#### TASK DIRECTIONS
Copy the listing verbatim, excluding any images found in it.

#### SUPPLIED MATERIAL
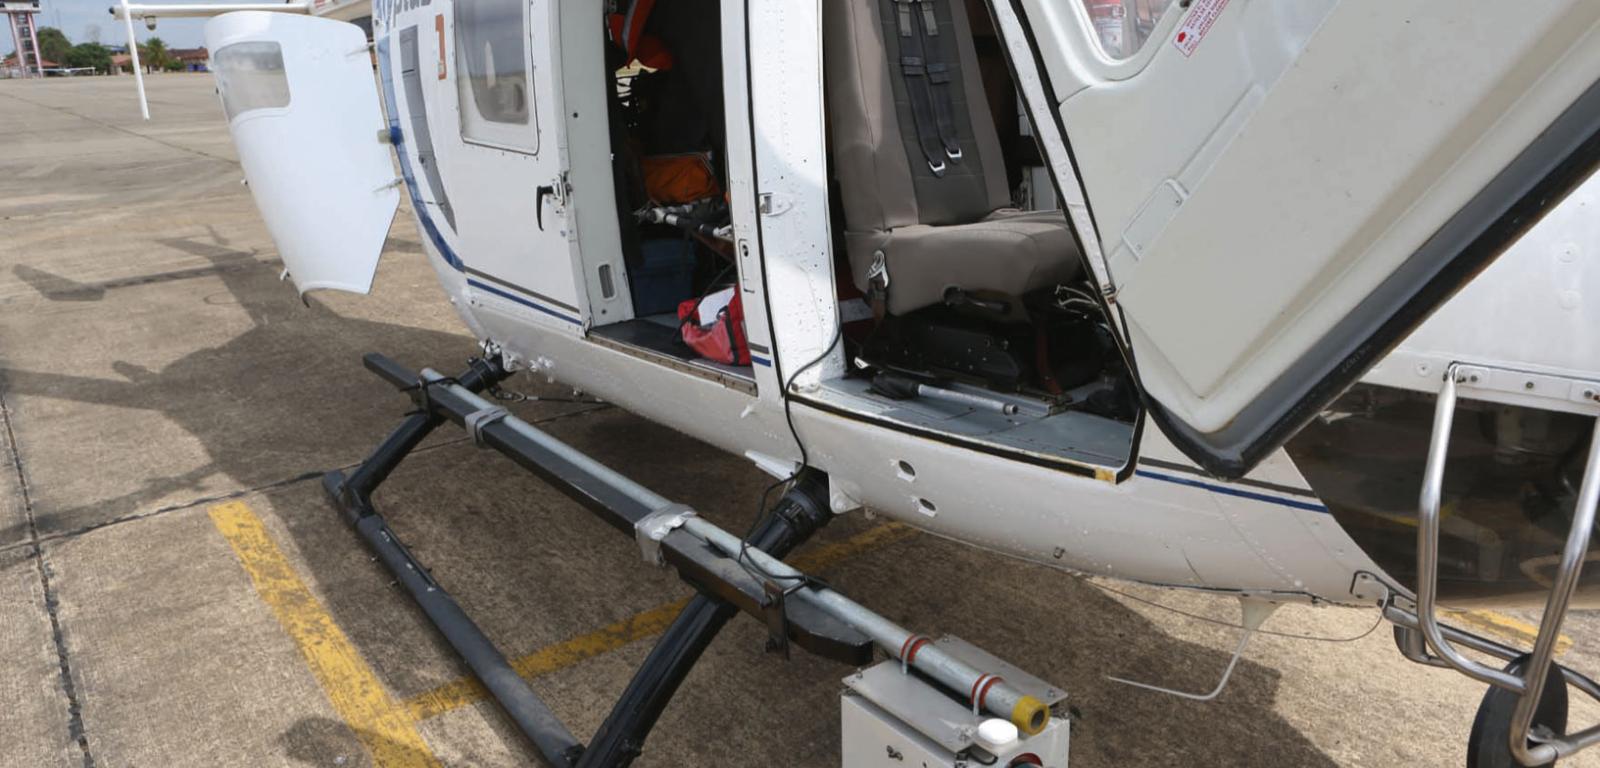 Lidar, czyli skaner laserowy, zamocowany na płozie helikoptera. To on umożliwił badaczom zajrzenie pod powierzchnię gruntu.
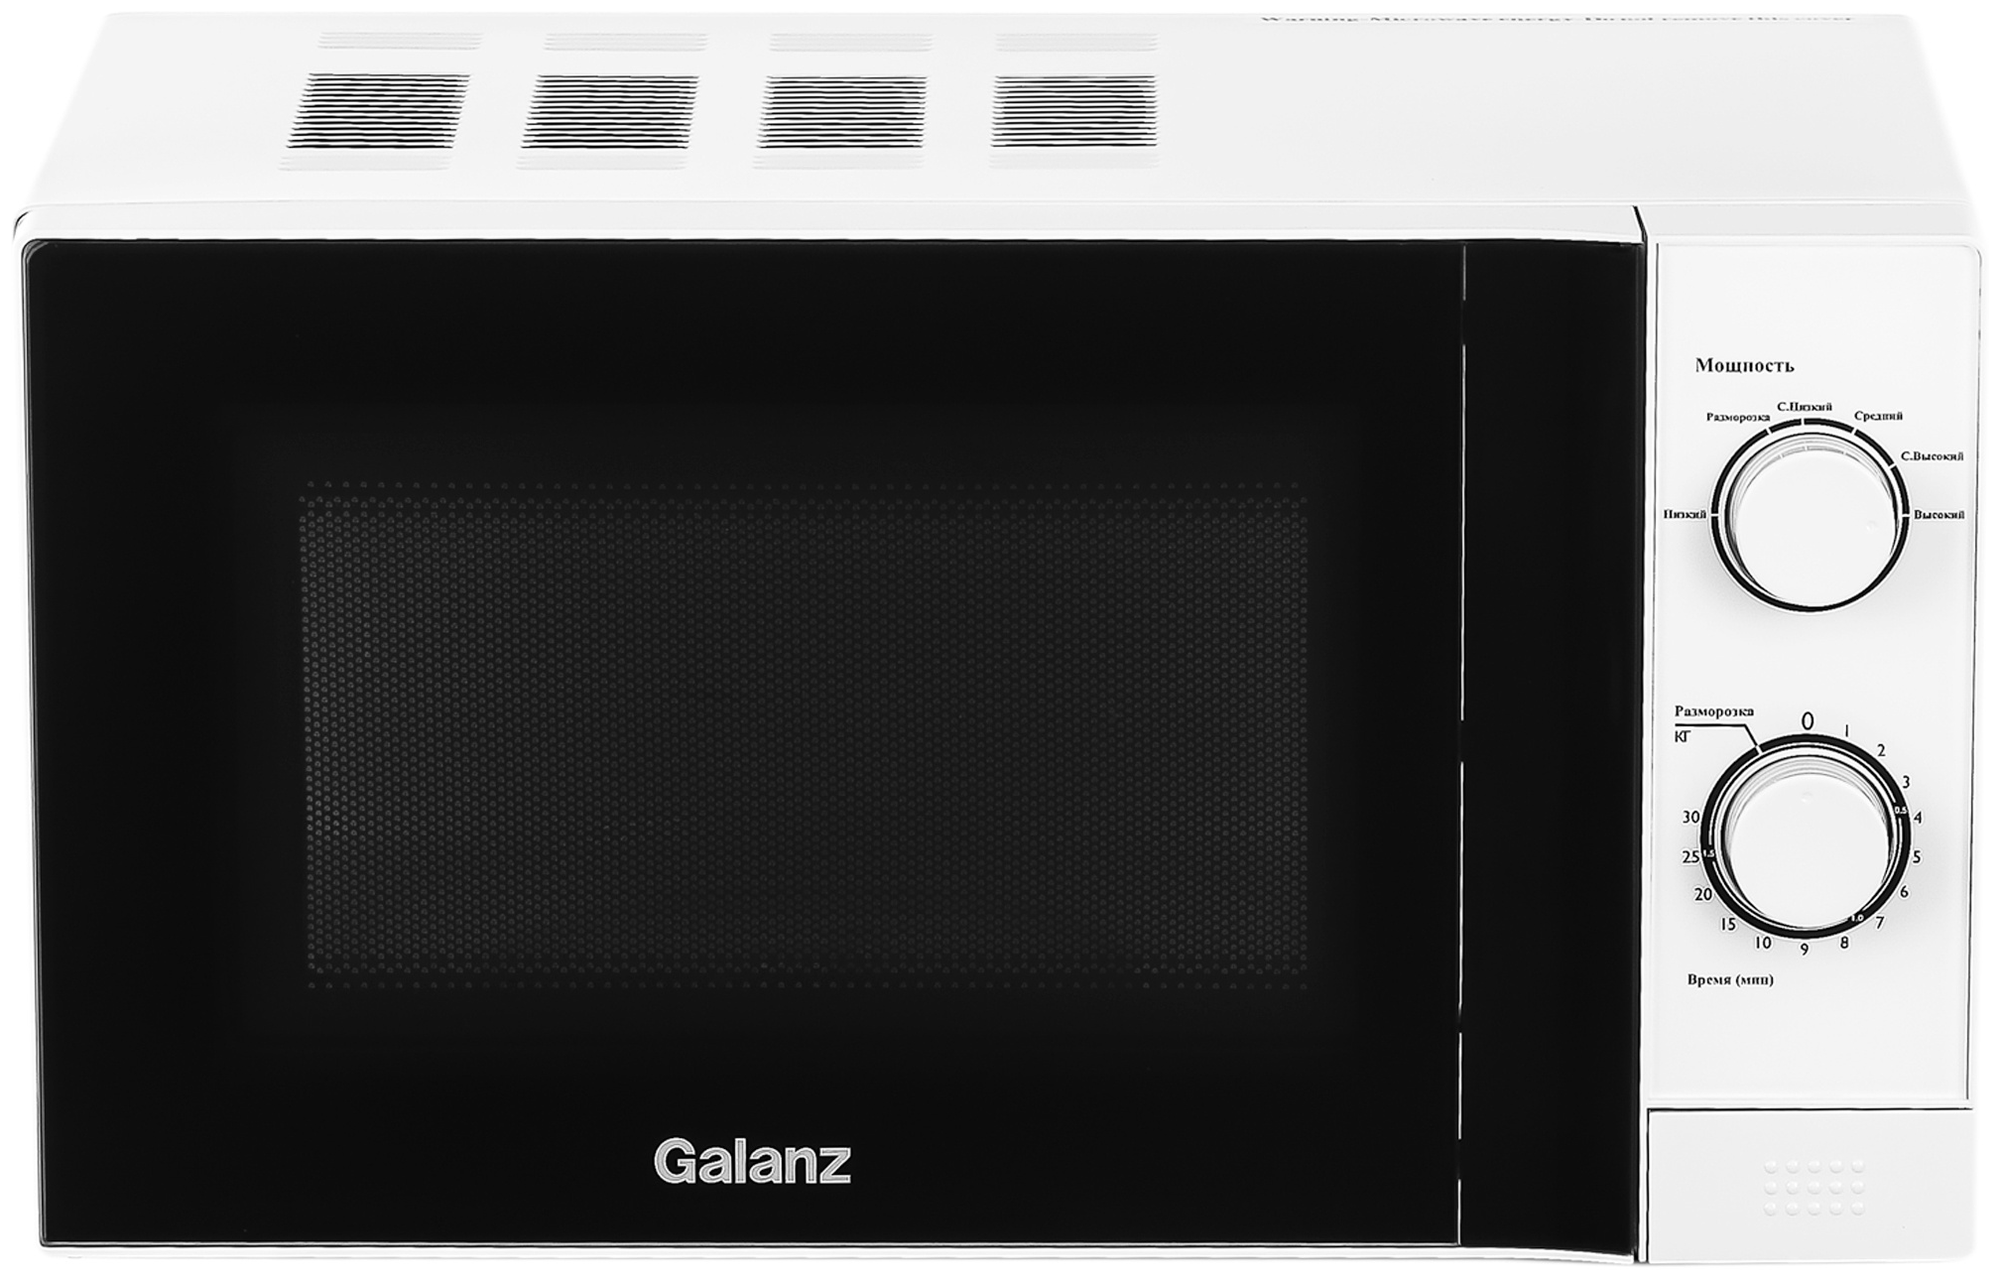 Микроволновая печь Galanz MOS-2009MW белый
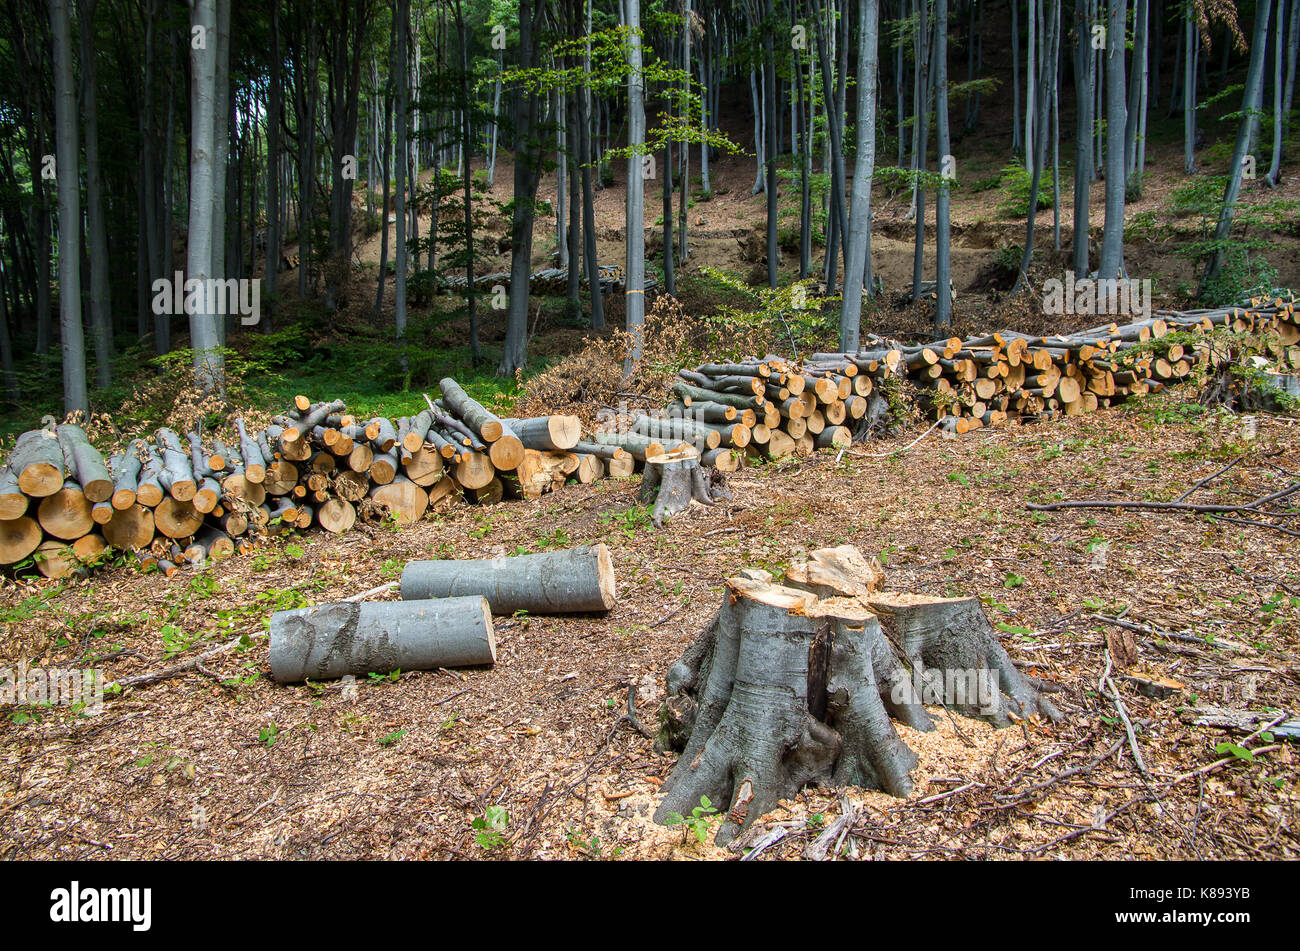 Distruzione delle foreste a fini commerciali. Foto Stock

#### YOUR RESPONSE
 Lidar, czyli skaner laserowy, zamocowany na płozie helikoptera. To on umożliwił badaczom zajrzenie pod powierzchnię gruntu.
 Микроволновая печь Galanz MOS-2009MW белый
 Distruzione delle foreste a fini commerciali. Foto Stock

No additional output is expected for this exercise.